Выбрать главу

— Хорошо, мама! — послушно ответила Элизабет и вяло опустила руки. Ее мать действительно была очень старомодна и консервативна. Она никак не хотела понять, что отношения между мальчиками и девочками стали уже не такими, как во времена ее юности. Разве веселая жизнь в Межеве не должна была бы излечить ее от устаревших взглядов?

Под взглядом дочери, молча осуждавшей ее, Амелия слегка приосанилась и сказала:

— Теперь иди и приведи себя в порядок. У тебя встрепанный вид, как у дикарки.

Элизабет побежала по лестнице, стуча своими лыжными ботинками. Фрикетта кинулась за ней.

— Не топай, Элизабет! — крикнула ей вдогонку Амелия.

Девушка продолжила свое восхождение на цыпочках. На третьем этаже она толкнула дверь с номером двадцать три. В прошлом году ей пришлось снова сменить комнату, из-за наплыва клиентов. Несколько раз, чтобы не отказывать клиентам, родители велели ей спать в их комнате на раскладушке. Но с начала этого сезона у нее наконец-то был свой собственный особняк, как говорила Амелия. Всякий раз, когда она входила туда, ей становилось легче на сердце оттого, что она чувствовала себя независимой. Все в этой комнате в виде мансарды было выбрано и расставлено ею самой: диван-кровать, кретоновые занавески, ночник в виде подсвечника, этажерка с книгами, секретер, в котором хранились письма и фотографии. Напротив окна росла старая пихта, вершина которой слегка была наклонена в сторону, словно ей хотелось получше разглядеть, что происходит в комнате Элизабет.

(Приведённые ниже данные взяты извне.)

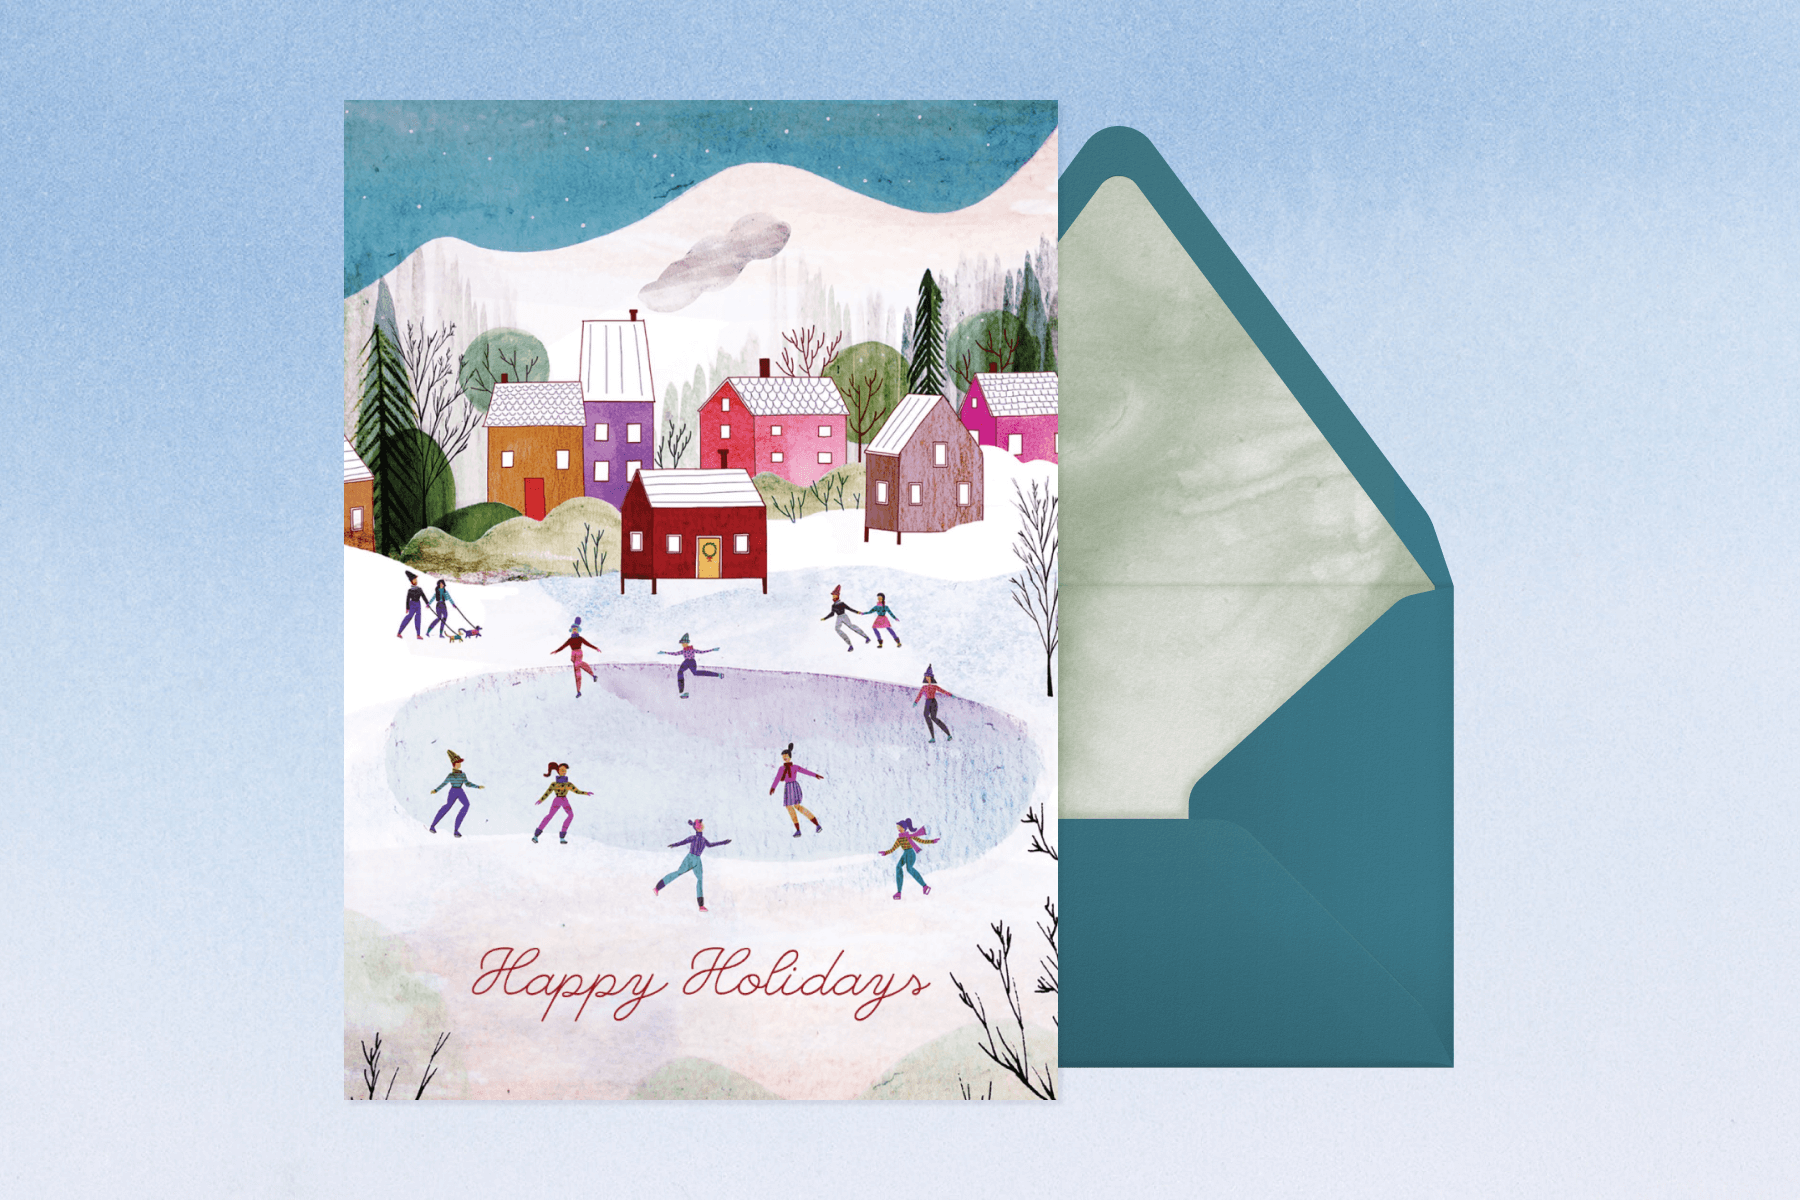 A card shows a winter scene with people ice skating in front of colorful houses.

Раздевшись до пояса, девушка сполоснулась над умывальником. Теплая вода тихо струилась по лицу, грудям. Элизабет ласкала их твердые округлости массажной перчаткой, и розовые соски резко напряглись. У нее была плотная гладкая матовая кожа. На левом плече родинка. Повернув голову, она могла достать до нее губами. Сполоснувшись, Элизабет слегка взбила свои короткие шелковистые каштановые волосы. Она решила, что выглядит симпатичней, если волосы ее будто взлохмачены ветром.

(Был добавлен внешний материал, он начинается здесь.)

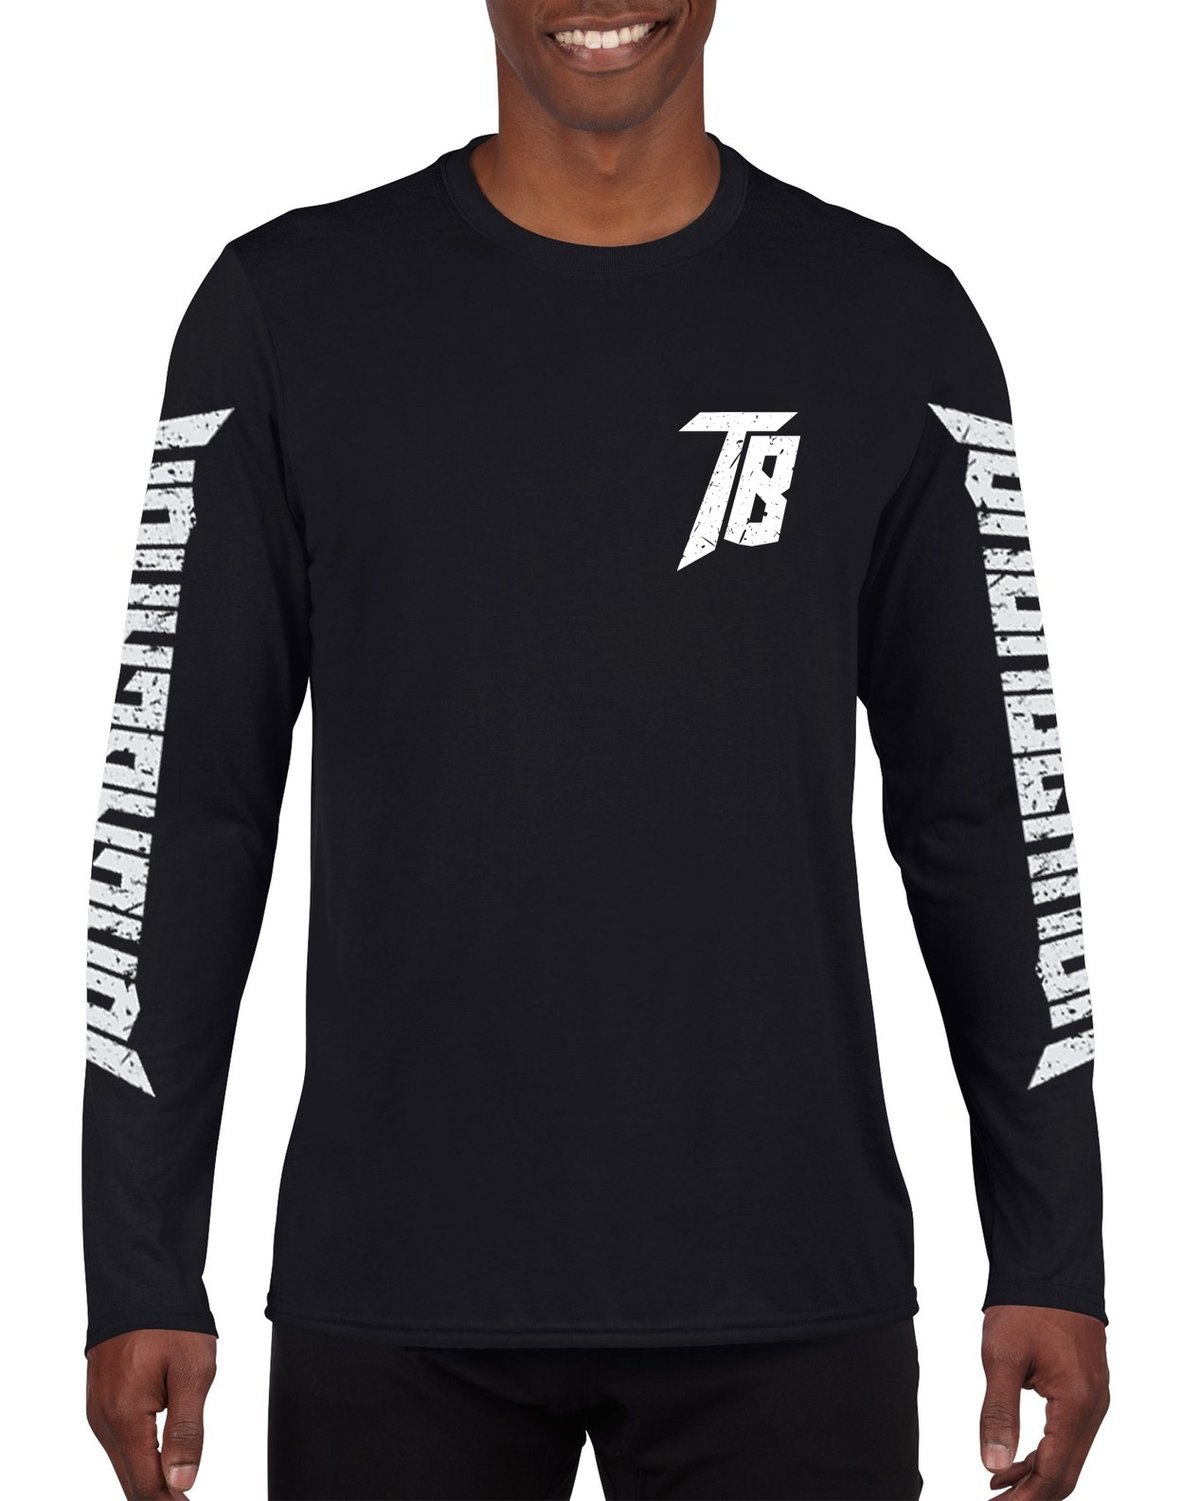 Image of TB Long Sleeved

Никакой пудры! Легкий загар равномерно покрывал ее лицо. Чуть-чуть кармина, чтобы подчеркнуть контуры губ. Сидя на своей подушечке, Фрикетта с обожанием смотрела на свою хозяйку. Элизабет схватила ее, крепко поцеловала за ушами и подумала в этот момент о приглашении, которое ей сделал Максим Пуату. Правильно ли она поступила, отказавшись? «Мовэ-Па» притягивал ее как магнит. Там был отличный оркестр, полно молодежи, прекрасная раскованная атмосфера. Она так любила танцевать, что, кажется, проводила бы все вечера в этом заведении. Но какой же предлог она могла бы придумать для своих родителей, чтобы оправдать свой уход из гостиницы? В конце концов, Максим Пуату не так уж ей нравился, чтобы из-за него выслушивать дополнительный выговор.

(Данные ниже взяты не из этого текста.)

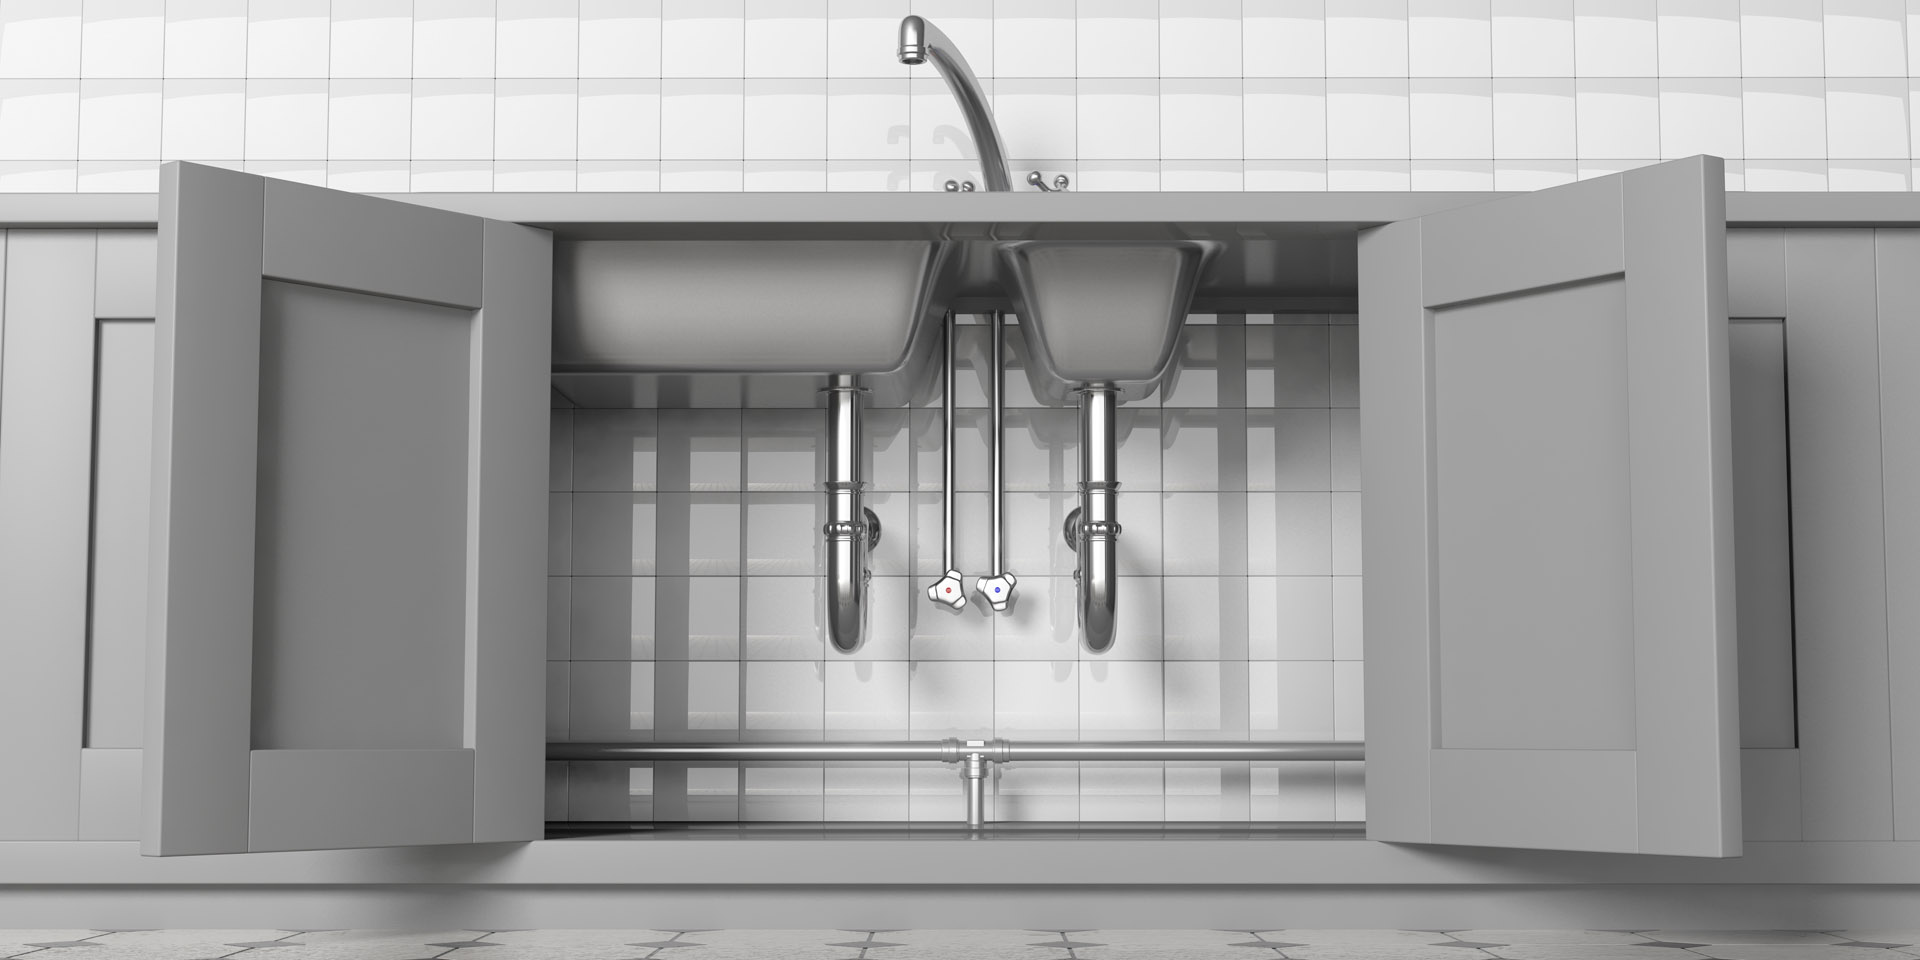 Kitchen cabinets with open doors, stainless steel sink and water tap, under view. White ceramic tiles wall backgound. 3d illustration; Shutterstock ID 1062126185; PO: 25pack; Job: 20180906; Client: tt; Other: aa

Ах, если бы это был Андре Лебреи, с которым она флиртовала в прошлом году, она повела бы себя, вероятно, менее благоразумно. Некоторое время Элизабет оставалась в задумчивости, вспоминая о нем. Потом встала, посадила Фрикетту на подушечку, приподняла наматрасник и вытащила из-под него свои красивые брюки темно-синего цвета. Брюки выглядели отглаженными, с безупречной стрелкой. В коридоре послышались шаги и голоса. Это клиенты расходились по своим номерам. Старая задумчивая пихта покачивала вершиной на ветру. Элизабет тщательно оделась, улыбнулась своему отражению в зеркале и решила, что уж сегодня вечером она будет чрезвычайно любезной с Жаком.

ГЛАВА V

Семейству Греви нельзя было отказать в любезности: на следующий день, после лыжной прогулки с Элизабет, они предложили ей выпить чашечку чая в «Избе» или в «Мовэ Па», и Амелия, которая так их уважала, сразу же разрешила дочери пойти с ними. С нескрываемой радостью Элизабет одевалась перед зеркалом в своей комнате. Ее нетерпение усиливалось еще и потому, что накануне она отказалась пойти туда с Максимом Пуату. Встретит ли она его в баре? Это было бы забавно. Во всяком случае, танцевать она будет, конечно, с Жаком.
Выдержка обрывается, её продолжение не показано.